Howard Alden Peebles

1879 - 1969

Howard Peebles was a modern language teacher, missionary, printer, and organist. He served the Seventh-day Adventist church in all four areas for 36 years, teaching at all levels in its school system.
 
Howard was born in South Lunenburg, Vermont, on September 2, 1879, one of four children of Haskell (Hascal) and Ella M. Harris Peebles.  His father, a teacher, minister, and leader in the Adventist church, died on September 17, 1887, at age 41, just after Howard\'s eighth birthday.
 
At age eleven he began working on the job press at the Review and Herald under editor Uriah Smith. While attending Battle Creek church school, he had classes for four years under pioneer SDA educator Frederick Griggs. When he reached college age, he lived with his older sister, Winnifred Peebles Rowell, who had graduated from Battle Creek College in 1894 and been hired to teach that year at Union College in Lincoln, Nebraska.
 
He particularly enjoyed his classes in history, English, and music at UC and, after completing the classical program and graduating in 1899 as one of eight college graduates, he returned to Battle Creek, where he studied for a year with its music teacher, organist Edwin Barnes.  He then taught music for two years at Bethel Academy, later Wisconsin Academy, and a year in public school before returning to Lincoln.
 
He taught in the church school in Lincoln and worked at the college print shop, which had started in 1898 while he was a student. In 1906 he accepted a position in Central America as a self-supporting missionary and printer of religious materials for that region.
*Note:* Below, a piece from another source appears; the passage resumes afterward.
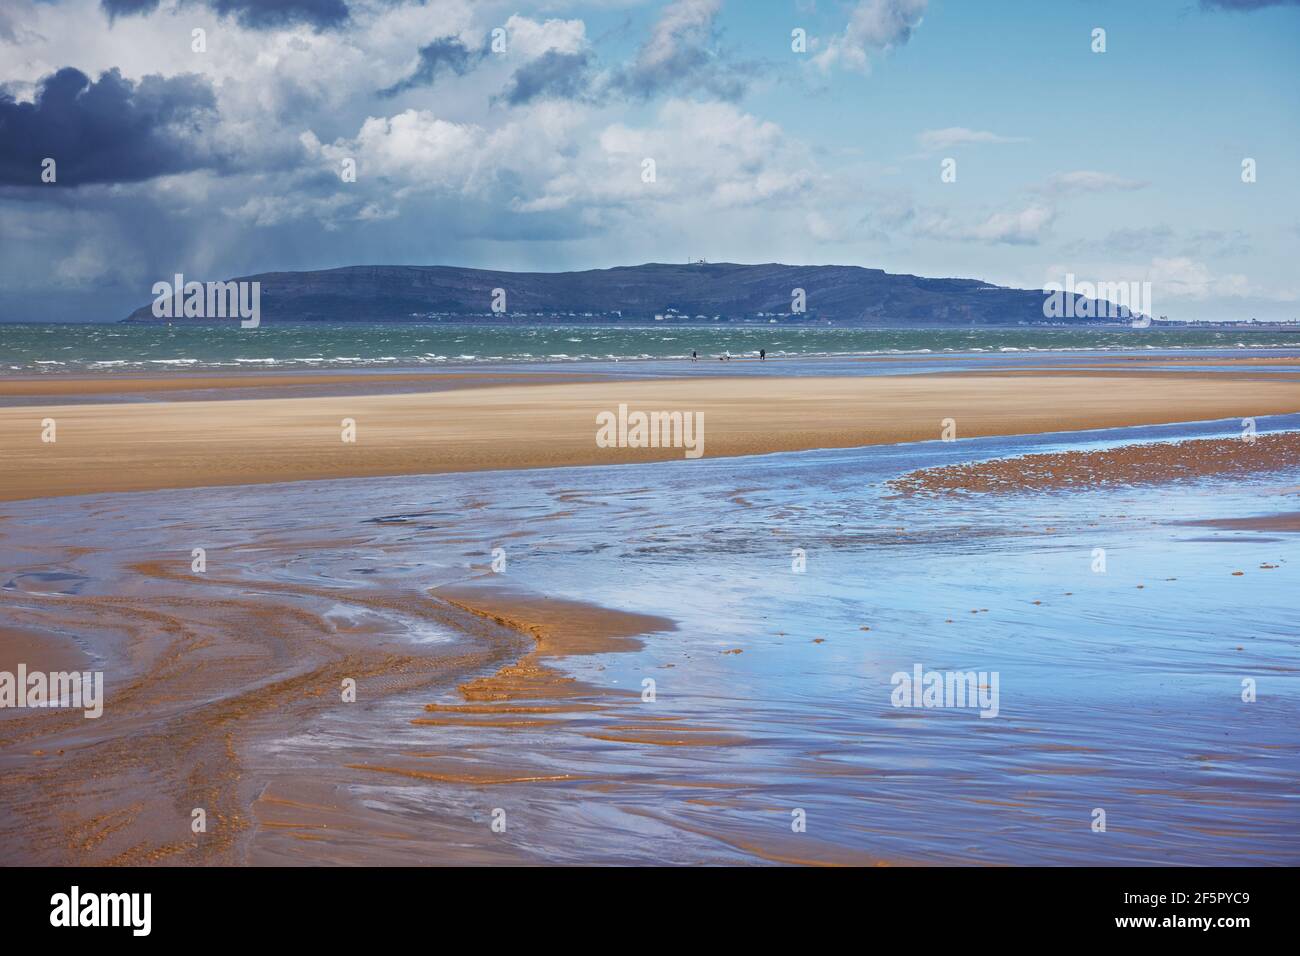 Penmaenmawr Beach, near the town of Penmaenmawr in North Wales, is a long sandy beach adjacent to the Menai Straits. Stock Photo

He became ill and had to return to Nebraska, where he taught for two years in the church school in Omaha before returning to Mexico. Following six years in Guatemala and Mexico, the last four serving as manager of the press in Mexico City, he returned to Lincoln to teach and work in the print shop, serving briefly as its manager.
 
In 1914 he was hired to teach Spanish at Southwestern Junior College, now Southwestern Adventist University. While there, he also played the organ for worship and chapel services and accompanied cantatas presented by the music department. During this time, he married Eva Harper, a teacher at the college, and they would have a daughter, Lenoa.
 
Peebles moved to Walla Walla College, now University, in 1922, where he taught Spanish and English. He completed a master\'s degree at the University of Washington and served as head of the modern language department at WWC for eleven years, before retiring in 1938. Eva had completed a B.A. three years earlier. 
 
They were living in Walla Walla, when she died on April 18, 1955, at age 62. Howard moved to Harper, Washington, in 1966, where he was living with his daughter and son-in-law, Dr. Robert E. Silver, when he died on June 15, 1969, at age 89.  
 
2018
 
Sources: Howard Alden Peebles obituary, North Pacific Union Gleaner, July 7, 1969, 15; Vermont Vital Records, 1720-190 8, Ancestry.com; 1880 and 1930 U.S. Federal Census records; Ancestry.com; Haskell (Hascal) Peebles obituary, A.S. Hutchins, Review and Herald, October 11, 1887, 63, 9; Alfred W. Peterson, "Thinking Spanish," Southwestern Union Record, February 4, 1919, 5,6; Winifred Peebles Rowell obituary, Review and Herald, October 30, 1947, 25; obituary, Lake Union Herald, January 13, 1948, 7; The Educational Messenger, July 1921, 11; Everett Dick, Union, College of the Golden Cords, (Lincoln, Nebraska, Union College Press, 1967), 383; "Departure of Howard A. Peebles," The Educational Messenger, February 15, 2006, 14; The Educational Messenger, September 1914, 19; Southwestern Union Record, September 25, 1917, 4; January 25, 1921, 7; March 14, 1922, 4; Howard Alden Peebles obituary, Review and Herald, August 7, 1969, 24; 1930 U.S. Federal Census, Ancestry.com; Claude Thurston, "60 Years of Progress, The Anniversary History of Walla Walla College," (College Place, College Press, 1952), 366 (Year of retirement has also been listed as 1936); Claude Thurston, Eva (sic) Harper-Peebles, 380; Eva Harper Peebles obituary, North Pacific Union Gleaner, August 8, 1955, 7; Washington, Select Death Certificates, 1907-1960, Ancestry.com; U.S. Social Security Death Index, Ancestry.com.